Posted to dev@lucene.apache.org by mark harwood <ma...@yahoo.co.uk> on 2006/02/07 19:28:24 UTC

Preventing "killer" queries

I've just been doing some benchmarking on a reasonably
large-scale system (38 million docs) and ran into an
issue where certain *very* common terms would
dramatically slow query responses. 
Some terms were abnormally common because I had
constructed the index by taking several copies and
merging them. Address data from this small sample area
had the county name reproduced massively.
Consequently a termQuery for the county name (with 50%
docFreq) in a scaled-up 38m doc index took 2 seconds
to return whereas most "normal" terms (<10% df) took a
matter of milliseconds.

Of course the solution for most situations is to use a
stop-word list at index time but that requires some
manual configuration and prior knowledge of the data
which isn't always ideal.

For these outlier situations is it worth adding a
"maxDf" property to TermQuery like BooleanQuery's
maxClause query-time control? I could fix my problem
in my own app-specific query construction code but I
wonder if others would find it a useful fix to add to
TermQuery in the Lucene core?


Cheers,
Mark






		
___________________________________________________________ 
To help you stay safe and secure online, we've developed the all new Yahoo!

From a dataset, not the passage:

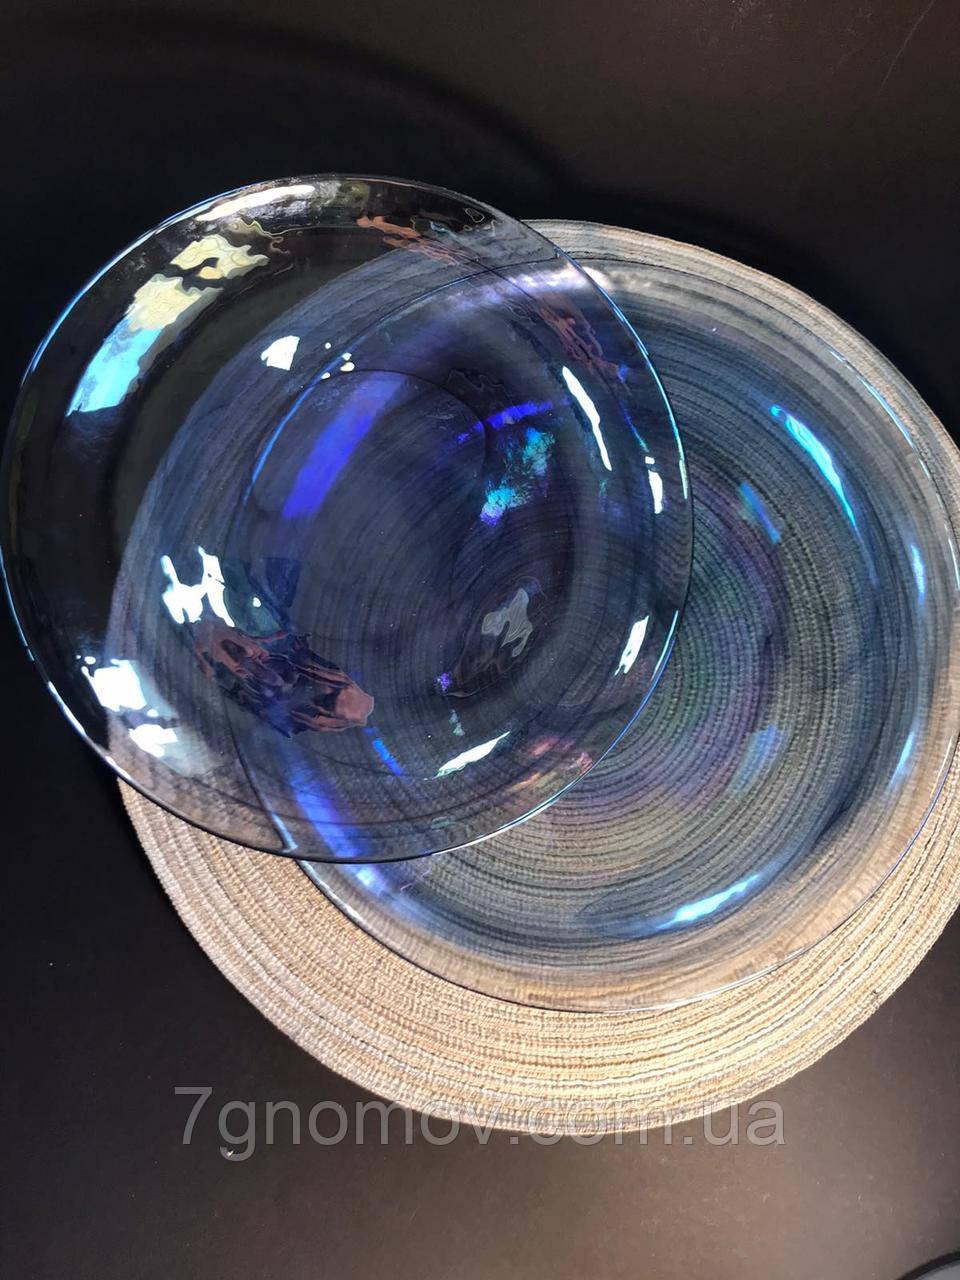 Набор 6 стеклянных обеденных тарелок прозрачно-синий Океан 27 см арт. 16112-14 - фото 3

Security Centre. http://uk.security.yahoo.com

---------------------------------------------------------------------
To unsubscribe, e-mail: java-dev-unsubscribe@lucene.apache.org
For additional commands, e-mail: java-dev-help@lucene.apache.org

Re: Preventing "killer" queries

Posted by Chris Hostetter <ho...@fucit.org>.

Mark,

I know you've already commited a patch along these lines (LUCENE-494) and
I can see how in a lot of cases that would be a great solution, but i'm
still interested in the orriginal idea you proposed (a 'maxDf' in
TermQuery) because i anticipate situations in which you don't want to
ignore the common term as query time (because you want it to affect the
result set), you just don't want to bother spending a lot of time
calculating it's score contribution since it's so common -- perhaps even
if an optimization can get the time down, you don't want it included
because it's so common.

If i understand your description of the problem, in your profiling you've
confirmed that when a term is extremely common, the "tf" portion of the
calculation for each doc is expensive because of the underlying call to
TermDocs.read(int[],int[]) ... is that correct?

If that's the case, then it seems like a fairly straightforward and useful
patch would be to add the following (untested) to TermQuery...

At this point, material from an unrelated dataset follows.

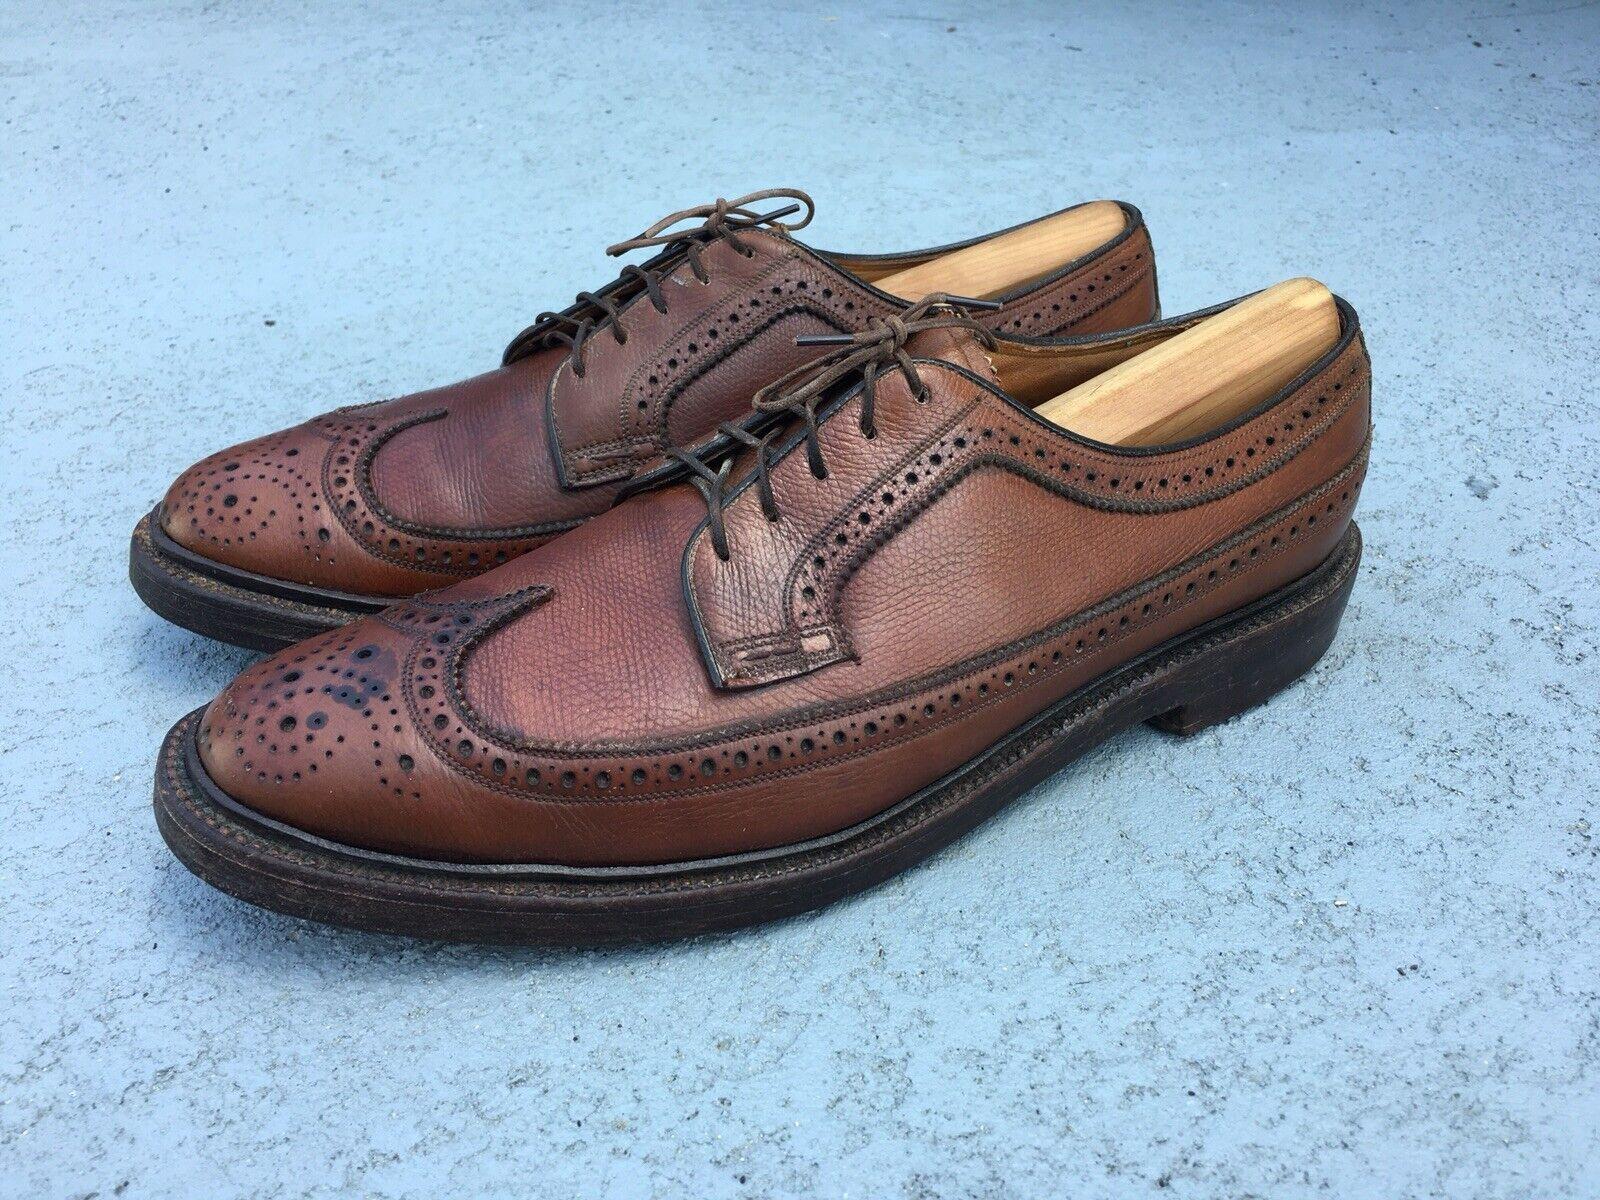 Florsheim Vintage USA Brown Grain Leather 5 Nail V Cleat Long Wingtips SZ 9.5 C

    private static int maxDocFreq = Integer.MAX_INT;
    private static float macDocFreqRawScore = 0.0f;
    public static setMaxDocFreqScore(int df, float rawScore) {
        maxDocFreq = df;
        rawScore = macDocFreqRawScore;
    }
    public rewrite(IndexReader reader) {
       if (maxDocFreq < reader.docFreq(term)) {
          // should be ConstantScoreTermQuery but it doesn't exist
          Query q= new ConstantScoreRangeQuery(term.field(),term.text(),term.text(),true,true)
          q.setBoost(macDocFreqRawScore);
          return q.rewrite(reader);
       }
       return this;
    }


...the downside compared to your existing approach is that it's still
spending some time on the really common terms (build up the filter) so if
you truely wantto ignore them the analyzer is a better way to go -- but
the upside is that it would still allow those really common terms to
affect the result set.


   thoughts?



: Date: Tue, 07 Feb 2006 20:18:27 +0000
: From: markharw00d <ma...@yahoo.co.uk>
: Reply-To: java-dev@lucene.apache.org
: To: java-dev@lucene.apache.org
: Subject: Re: Preventing "killer" queries
:
: [Answering my own question]
:
: I think a reasonable solution is to have a generic analyzer for use at
: query-time that can wrap my application's choice of analyzer and
: automatically filter out what it sees as stop words. It would initialize
: itself from an IndexReader and create a StopFilter for those terms
: greater than a given document frequency.
:
: This approach seems reasonable because:
: a) The stop word filter is automatically adaptive and doesn't need
: manual tuning.
: b) I can live with the disk space overhead of the few "killer" terms
: which will make it into the index.
: c) "Silent" failure (ie removal of terms from query) is probably
: generally preferable to the throw-an-exception approach taken by
: BooleanQuery if clause limits are exceeded.
:
:
:
:
:
:
:
:
: ___________________________________________________________
: To help you stay safe and secure online, we've developed the all new Yahoo! Security Centre. http://uk.security.yahoo.com
:
: ---------------------------------------------------------------------
: To unsubscribe, e-mail: java-dev-unsubscribe@lucene.apache.org
: For additional commands, e-mail: java-dev-help@lucene.apache.org
:



-Hoss


---------------------------------------------------------------------
To unsubscribe, e-mail: java-dev-unsubscribe@lucene.apache.org
For additional commands, e-mail: java-dev-help@lucene.apache.org

Re: Preventing "killer" queries

Posted by markharw00d <ma...@yahoo.co.uk>.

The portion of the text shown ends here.